I have a thing for disappearances. When I was eight, I stuffed my little sister's favorite Malibu Barbie into our front flowerbed after we'd finished planting the bulbs. I wrote a ransom, magazine clippings and all: bring me your Halloween candy and you’ll get your doll back. She stepped into the unusually sticky November, soft pumpkin bag clasped in her small hands, but I never did.

“Maya?” Was that my name he was saying? 

I finally looked at him above the rim of my rectangular lenses. I hadn't listened when he told me who he worked for, but it must've been someone important. The navy coat of his suit had a luxe sheen that played with the light of his gold watch. I smiled at its audacity, not at him. 

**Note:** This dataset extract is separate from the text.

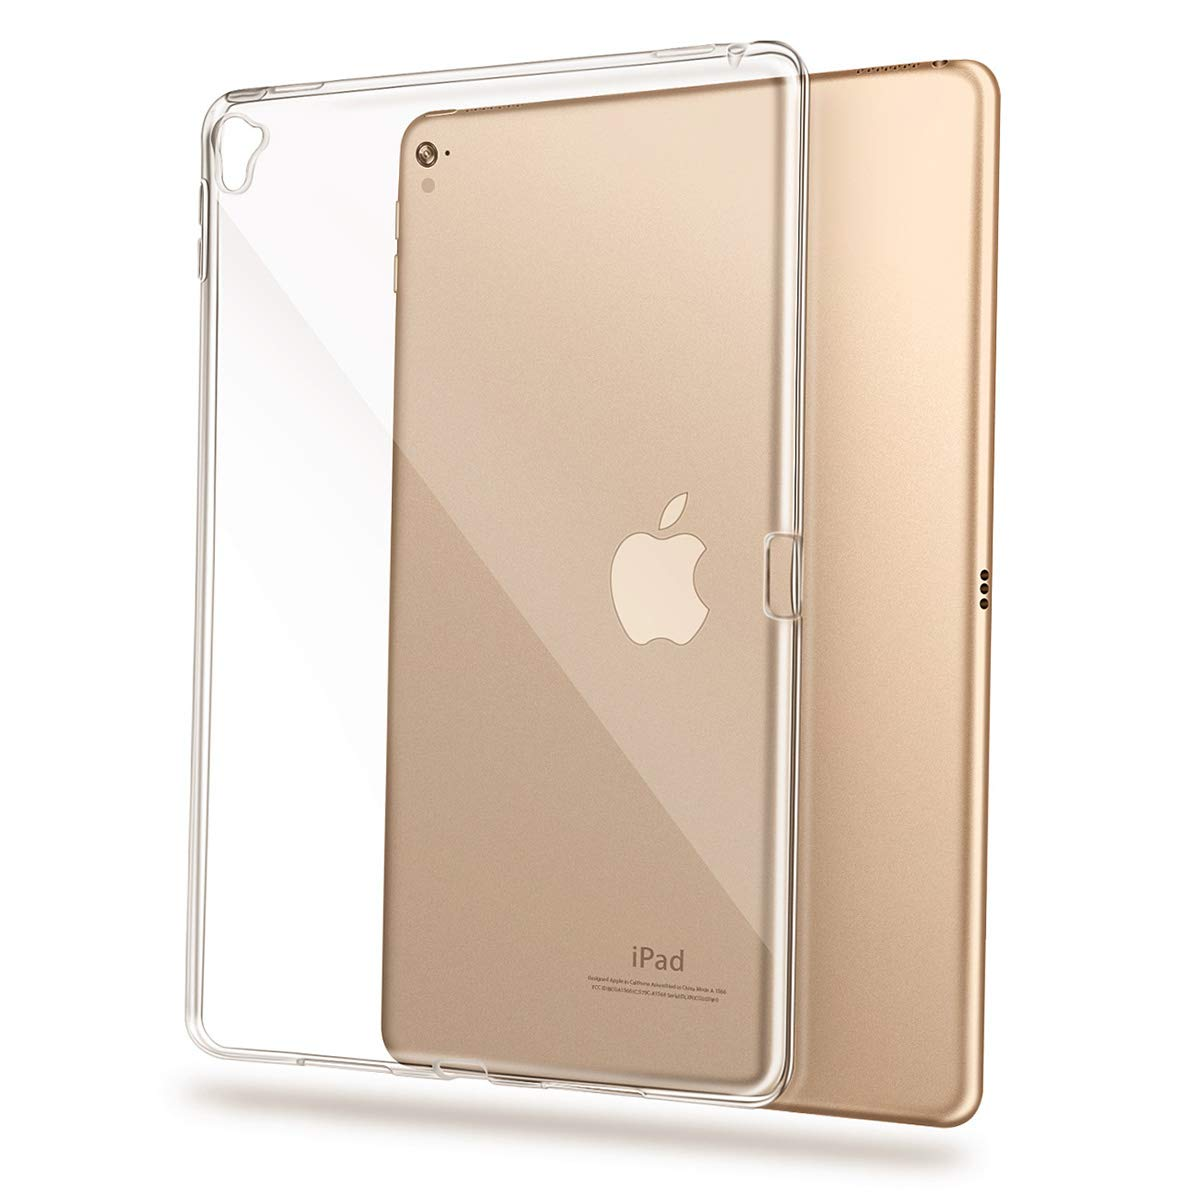 【新品、本物、当店在庫だから安心】 Codream iPad 2018に対応 Pro Pro 11インチ 2018ケース 優れたキャリーケース iPad Pro 11インチ B07KWWMPQ4 2018に対応 キャリーケース 耐衝撃性 iPad Pro 11インチ 2018年モデルに対応 B07KWWMPQ4, 湘南ワインセラー:0e023531 --- a0267596.xsph.ru

"Good, I have your attention," he said. He clamped his hands together, as if in prayer, leaning into the table to get a better look at me. "I'm trying to help you here." The lines burrowed in his forehead seemed irate and glowed more than his hairless scalp. In whatever room we were inside, his head reflected most of the light. I grinned. 

"Detective--"

"I'm not a detective." This time, I really looked at him and he really looked at me. I hoped he saw his old frown reflected in my glasses. I hoped he thought my hazel eyes were green, a summertime beneath his face. I liked fooling people. 

"Listen," I told him, "I know why you're here." He looked suspicious, but I knew better. I took a breath that felt like wind. "My father is dead." As I watched the man's brows furrow, as the crevice between them deepened, I felt the fresh tickle of gladness. 

"How do you know this, Maya?" His voice was a pitch I couldn't identify, motionless, trying not to expose itself. I glanced away.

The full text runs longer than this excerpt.